1. Introduction
The sustainable utilisation of natural resources, including water and energy, is very important in our daily life as well as within the industrial sector. This sector uses large amounts of these resources and generates waste streams and emissions that are discharged into the environment. The increased consumption of natural resources, their future scarcity, greenhouse gas emissions and environmental pollution will influence the environment and climate changes. It is necessary to be in line with the adopted targets and sustainable development goals to contribute to the climate and energy framework to achieve economic efficiency and environmental sustainability.
Water and energy are used for various purposes within industrial processes. The minimisation of the consumption of these resources can be achieved by systematically exploring their interconnections in combined water and energy networks or heat-integrated water networks (HIWNs). Various systematic methods (conceptual, mathematical programming and their combination) have been used to achieve this goal. The conceptual methods are based on pinch analysis (PA), and the mathematical programming (MP) methods are based on superstructure optimisation. These methods have been applied to minimise water and energy consumption in various processes. The MP methods, compared to the PA methods, can better address HIWNs, including large-scale problems, multiple contaminants, multiple freshwater sources and gains and losses of water and heat.
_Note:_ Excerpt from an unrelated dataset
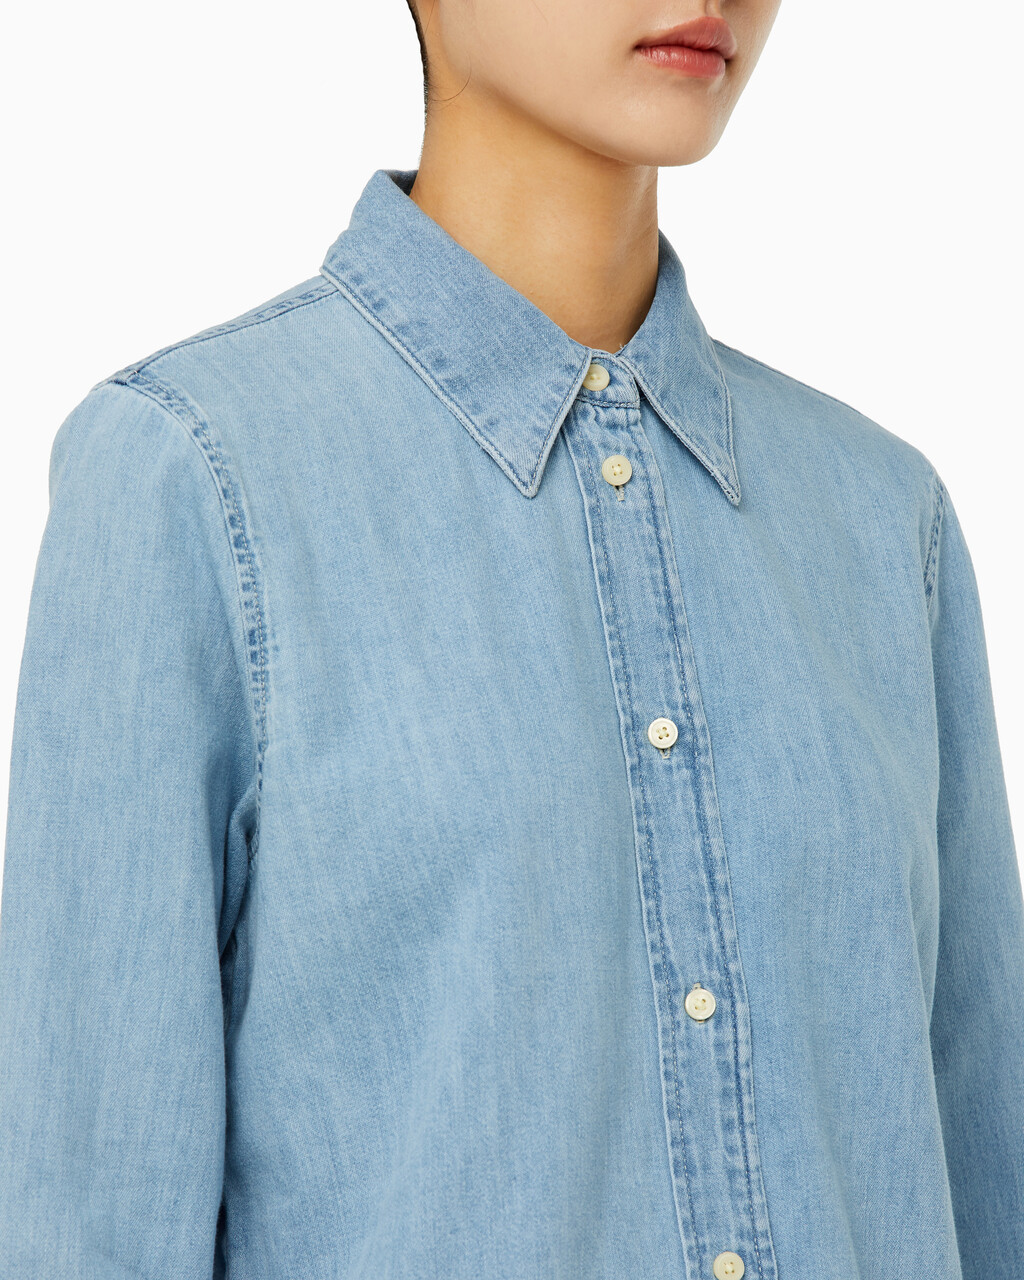 Buy 여성 롱슬리브 클래식 샴브레이 셔츠 in color LIGHT BLUE

MP methods have been successfully applied to find the best trade-offs between investment and operating costs in HIWNs.
A work by Budak Duhbacı et al. [
1] presented a review of papers considering water and energy minimisation and the improvements achieved in different industrial processes by the application of MP methods. Ahmetović et al. [
2] presented a review of systematic methods (PA and MP) along with the the results of case studies in the Kraft pulp mills and reported typical savings in freshwater and energy consumption. The reader is also referred to review papers by Zhang et al. [
3], Kermani et al. [
4] and Ahmetović et al. [
5] for more information about the various methods used for solving HIWN problems.
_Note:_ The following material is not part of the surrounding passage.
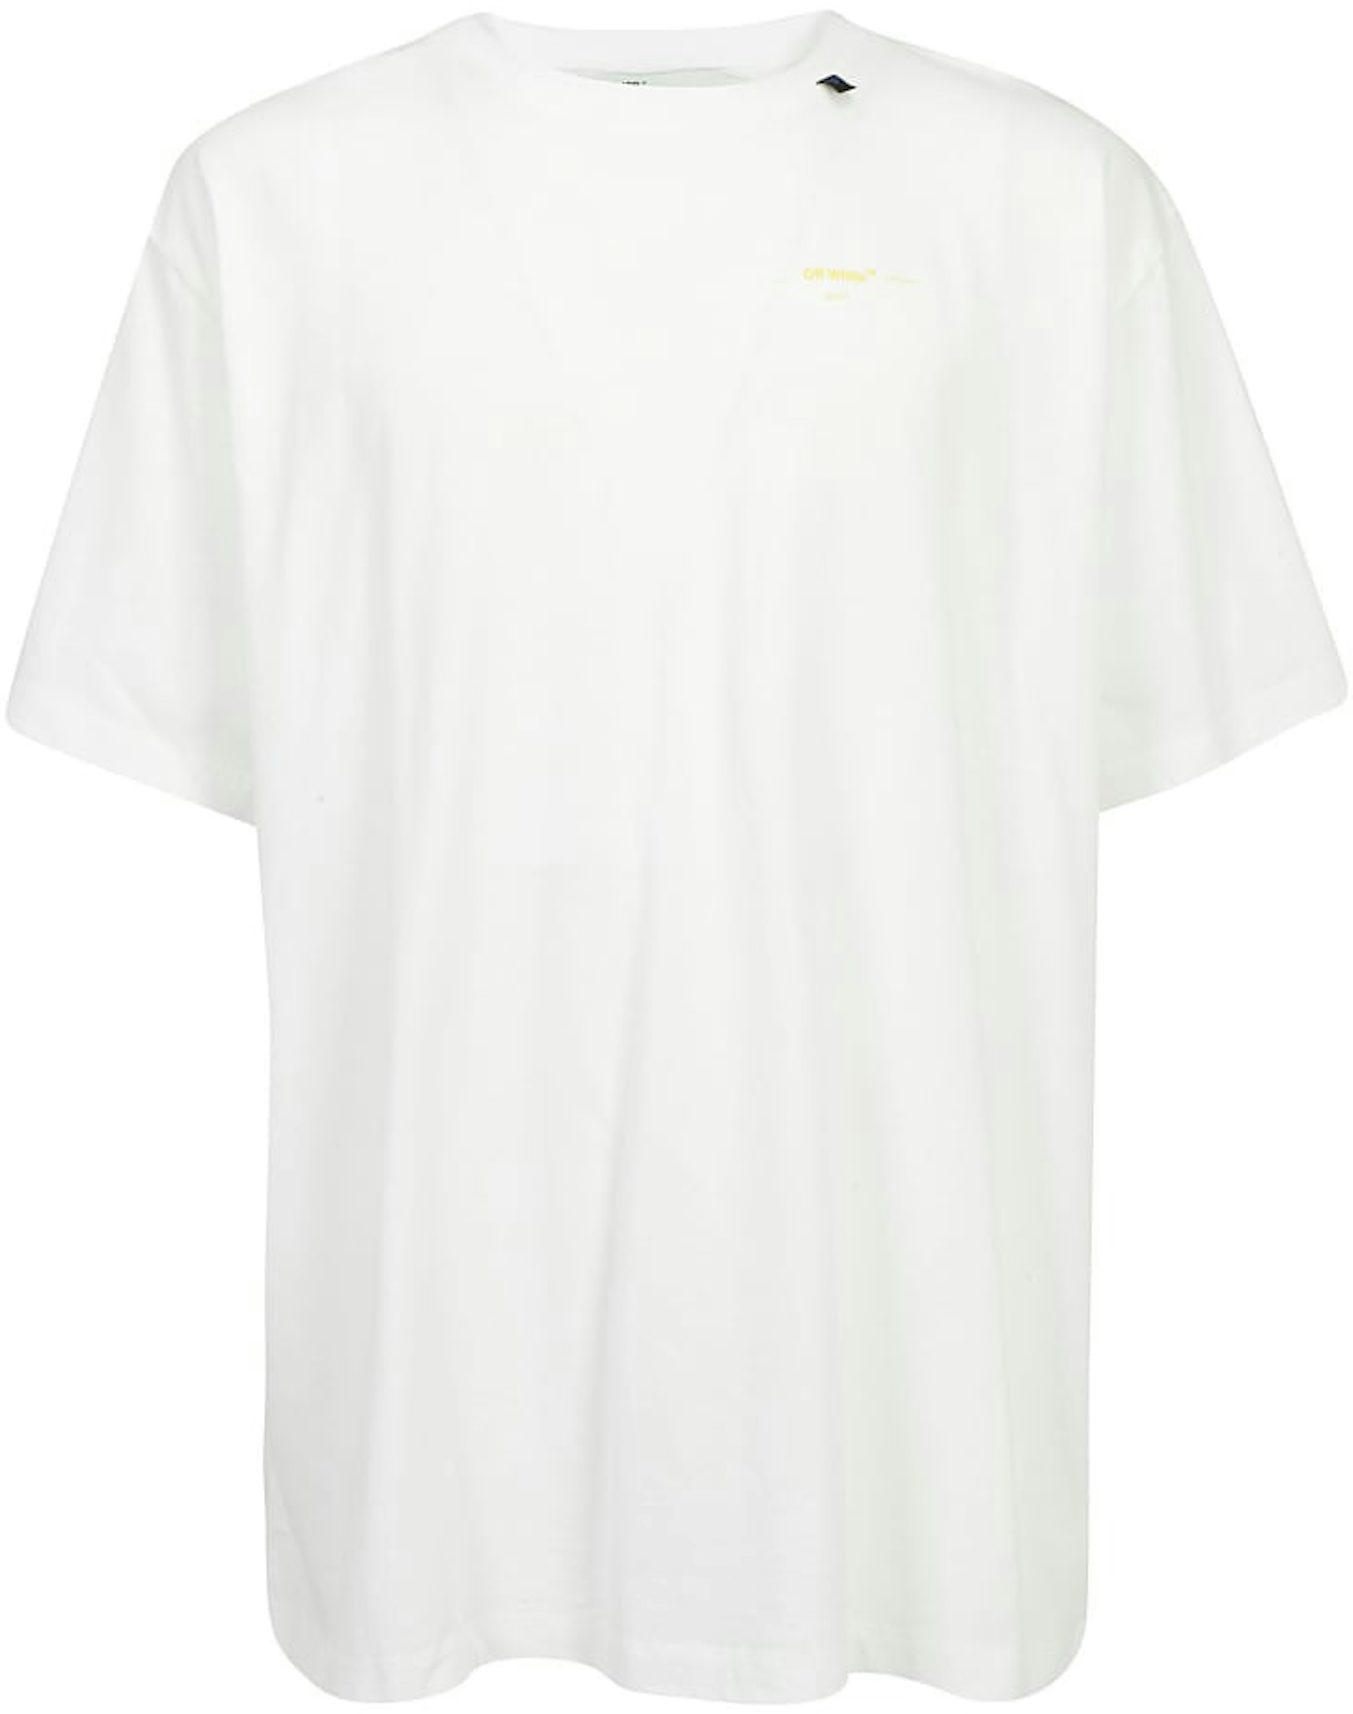 Off-White c/o Virgil Abloh 2019 Crew Neck T-Shirt - Orange T-Shirts,  Clothing - WOWVA54380

The focus of several papers have been related to proposing superstructures, models and efficient solution strategies that can be used for solving various HIWN problems, including large-scale ones. Leewongtanawit and Kim [
6] proposed a simultaneous design methodology using an MINLP model and solved a large-scale HIWN problem with multiple contaminants and multiple freshwater sources of different temperatures and quality levels. Yang and Grossmann [
7] proposed a simultaneous water- and heat-targeting model, combining a water network with a heat-t-argeting model [
8] for flowsheet optimisation. This targeting model can be applied to HIWN problems including large-scale problems. Liu et al. [
9] proposed a generalised disjunctive programming model (GDP) for the simultaneous inegration of water and energy in HIWNs. This model enables the trade-offs between freshwater and utility consumption and non-isothermal mixing, reducing the complexity of the subsequent heat exchanger network (HEN) design. Ibrić et al. [
10] proposed a compact superstructure and an MINLP model for the simultaneous synthesis of HIWNs. The proposed heuristic rules are used for superstructure simplification. The proposed model is solved using a two-step solution strategy that includes targeting and design steps. Hong et al. [
11] proposed a systematic simultaneous optimisation approach including a three-step solution strategy that can be used for solving large-scale industrial HIWN problems. In this strategy, a combination of NLP and MINLP models is used to design the HIWN. Ibrić et al. [
12] proposed a modified compact superstructure of their previous work [
10], an MINLP model and a three-step solution strategy for solving large-scale problems of HIWNs. The modified superstructure includes a simplified heat integration block, enabling non-isothermal mixing and indirect heat exchange within an overall water network with reduced complexity. Recently, Dong et al. [
13] proposed a superstructure considering splitters and mixers for every water-using operation and heat exchange unit to simultaneously design HIWNs. The results are presented for a different number of heat exchange units starting from the minimum number of heat exchange units and increasing this number with each iteration.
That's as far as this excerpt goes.